Data Scalling , Data Augmentation , Data Interpolation

Hello ,
New to PyTorch and deep learning I have Four questions :
1- Is it better to scale all your data then split to training and testing sets or do it otherwise.
2- How to use effectively use data augmentation
3- I have missing values in my datasets NaN I just removed the lines where they appeared (8 out of 9230) so im my opinion they don’t have too much impact or do they.
4- I’m doing classification using different types of neural nets , I have 12 classes in total but some are too rare compared to other , is there a way to make the model more robust to rare classes.
And Thank you.

  1. I assume scaling is done for normalization. If so, you should split your data first and then scale it. Otherwise you will leak the test information into your training procedure.

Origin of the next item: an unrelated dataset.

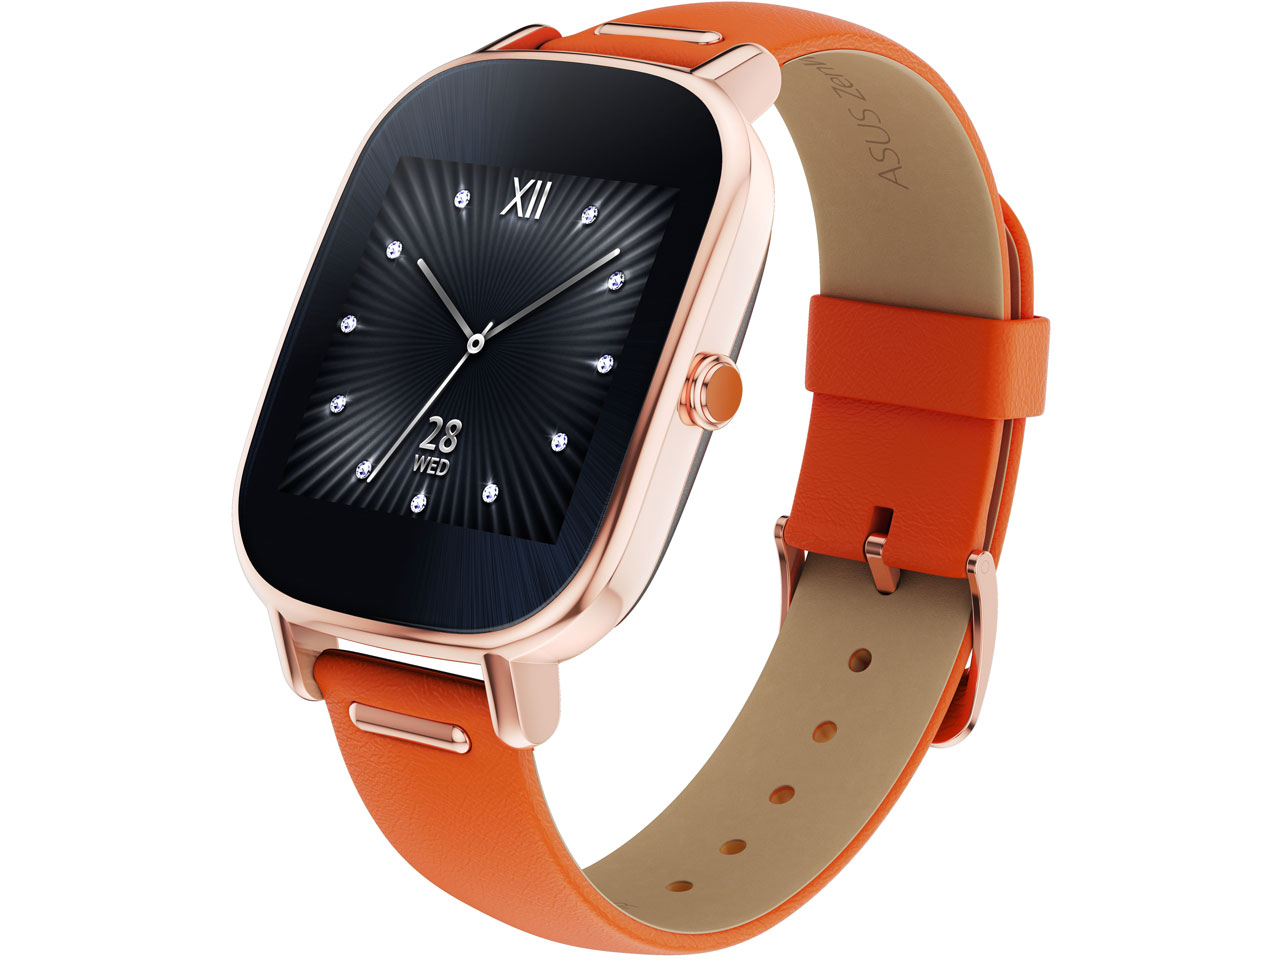 ASUS ZenWatch 2 WI502Q-OR04 [ローズゴールド/オレンジ]

  2. Have a look at the Data loading tutorial. Basically you create a Dataset and add your data augmentation in the __getitem__ function. The DataLoader can use multi-processing to speed up the loading and transformations.

  3. It really depends on the data. Since you only remove 8 out of 9k, it seems not to be that bad. Alternatively, try to fill the NaNs with the mean or median of the feature from your training set.

  4. You can use the weight argument for different loss functions (see here). Alternatively, you can over- or undersample your classes using WeightedRandomSampler. I’ve created a small tutorial on this topic, which is not released yet, but might give you a good start.


Thank you for your help.